Most people who retire today get a lump sum from their retirement plan. They then have to guess how to invest it, how long they’ll live, and how much to spend.

Labor and Treasury aren’t much help. It’s not that their employees are insensitive, but retirement security is neither department’s main job. They have different laws to administer and different views about retirement security. Labor’s focus has been on regulating employers who sponsor benefit plans, not the financial-services firms that now actually dominate retirement. Treasury’s focus has been on interpreting and implementing a ridiculously complex tax code often written by lobbyists. Both are afraid of offending the financial-services industry, so neither agency has ever required even a disclosure of how long your retirement might last as you spend it down. Most of the time, you’re on your own.

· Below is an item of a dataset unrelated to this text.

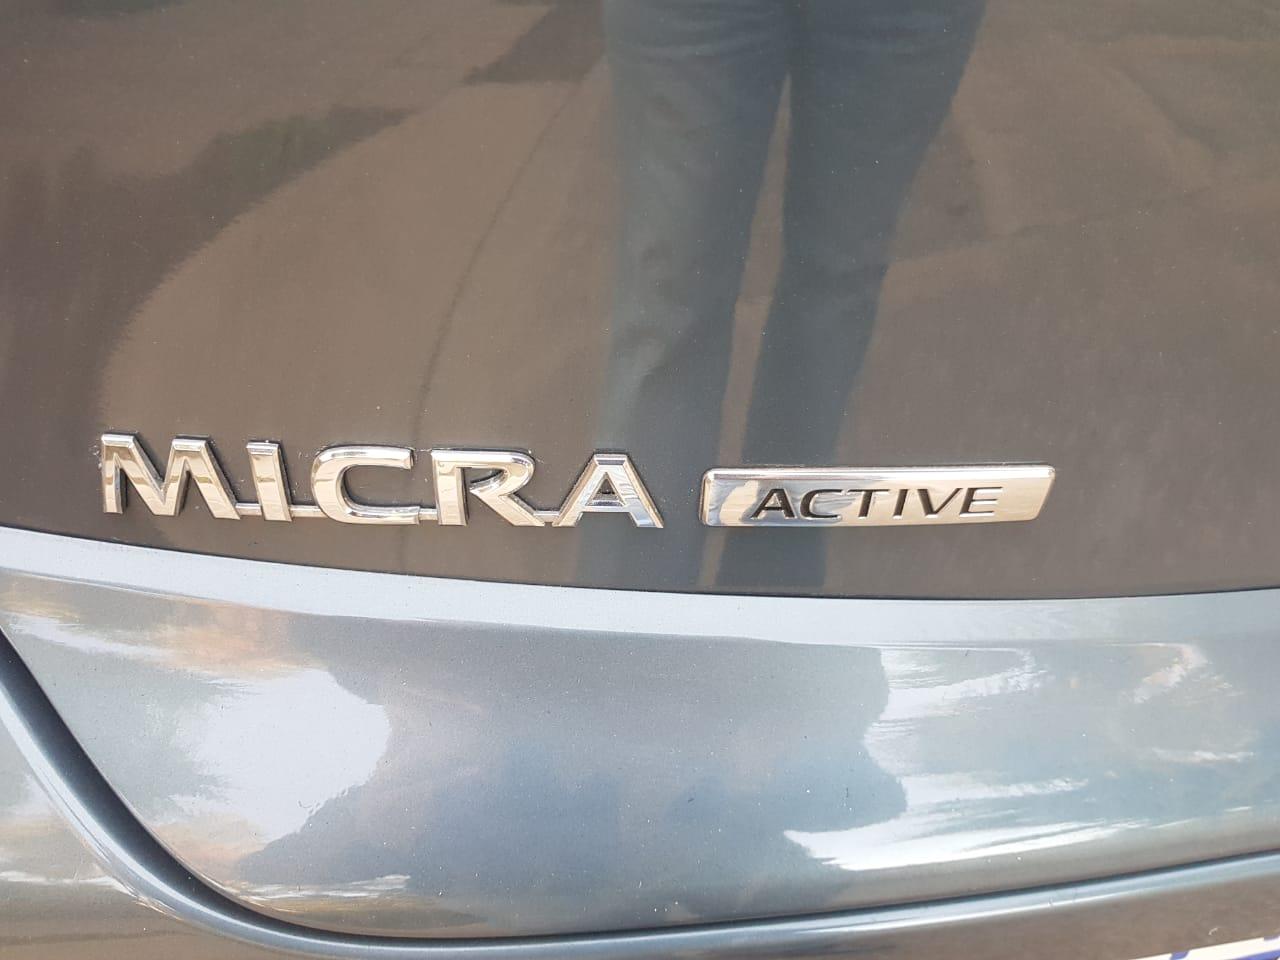 2018 Nissan Micra 1.2 Visia+

Occasionally, one department or the other will step in. In 2015, the Obama Treasury, feeling guilty about being an accomplice to the destruction of retirement security one lump sum at a time, decided to limit the scam: It said that companies couldn’t offer these buyouts once an employee had already started receiving pension payments. Sadly, Treasury continued to allow the buyouts for employees who hadn’t yet started retirement. The current Treasury Department apparently doesn’t even feel that modest pang of guilt. It went back to the old practice of allowing companies to shortchange both those who are already living on a pension and those who have yet to retire.

Treasury and Labor often spend more time arguing than working together. (Their congressional oversight committees don’t often see eye to eye either.) Where Treasury and Labor do collaborate, however, it is to make sure that no one else gets on their turf. The Consumer Financial Protection Bureau was created in 2010 specifically to help defend the average American from risks hidden in fine print, but Treasury and Labor made sure that the new entity could not regulate any retirement products—easily the most complicated consumer financial products—unless both departments agreed in advance. Thus far, that hasn’t happened.

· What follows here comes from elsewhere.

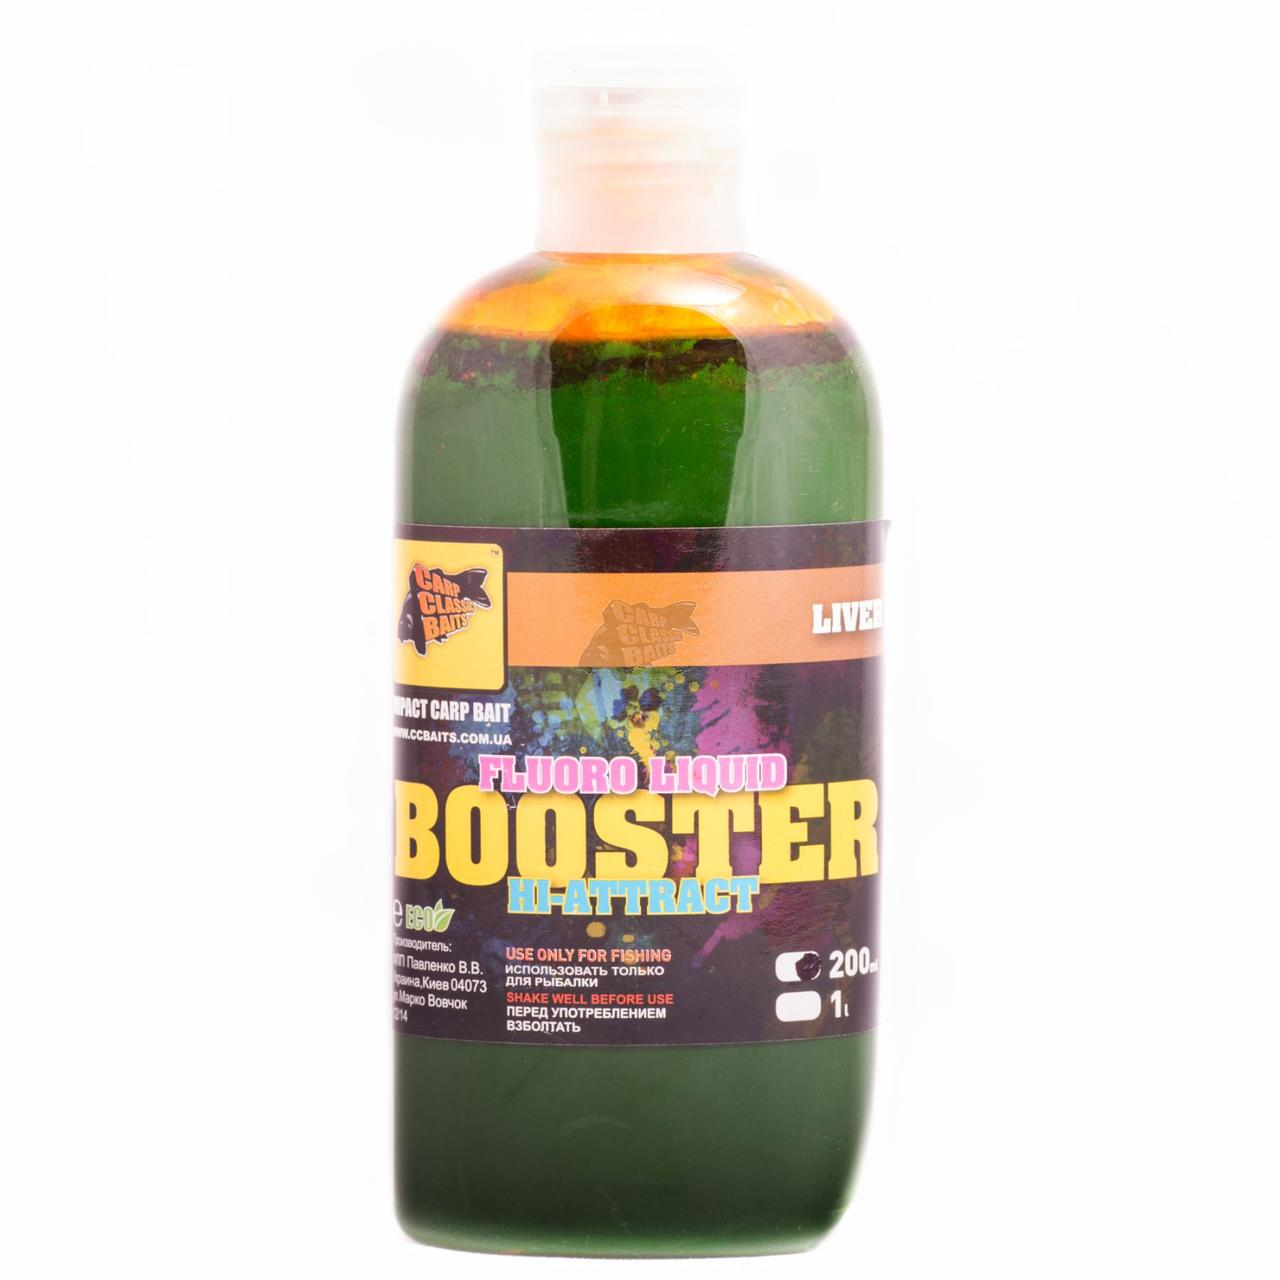 Бустер Fluoro Liquid Hi-Attract, Liver [Печень], 200

In Washington, D.C., protecting your “turf” can be more important than protecting citizens.

You might ask, Where are our elected officials? Well, they do make speeches about retirement security and they sometimes make proposals—though rarely ones that require anyone to actually do anything. Recently, for example, President Donald Trump issued a “retirement-security executive order.” It will allow financial-services companies new ways to collect and, for a fee, invest our money—in addition to the thousands of plans they already offer. Ironically, the “retirement security” comes from delaying retirement and continuing to work. That’s probably not what the authors of the Employee Retirement Income Security Act had in mind.

People looking for lifetime retirement income from their retirement plans will be out of luck. Fortunately, we still have two important national lifetime retirement-security programs: Social Security and Medicare—at least until they start running out of funds (in eight years for Medicare, 15 years for Social Security). Here, too, there is more rhetoric than action. President Trump just announced a budget that purports to make no changes to Social Security. In fact, it proposes $84 billion in cuts to Social Security’s disability programs, and does nothing to make sure that Social Security is fully funded. The last president to propose actually paying for Social Security, instead of cutting it, was Bill Clinton, two decades ago. (To their credit, Democrats in the current Congress have reintroduced legislation, the Social Security 2100 Act, that would fully fund Social Security for the remainder of this century. It has, however, not a single Republican co-sponsor.)

It doesn’t have to be this way. In plenty of other industrialized countries, individual workers are not forced to be their own accountants, actuaries, and pension-fund managers. If Americans insisted on genuine security when they retire, our president and Congress could deliver it.

In the next two years, politicians will ask for our votes for president, Senate, and the House of Representatives. Ask them what they will do—concretely—to make our retirement plans, our Social Security, and our Medicare more secure. Maybe if we threaten their retirement, they’ll finally do something to protect ours.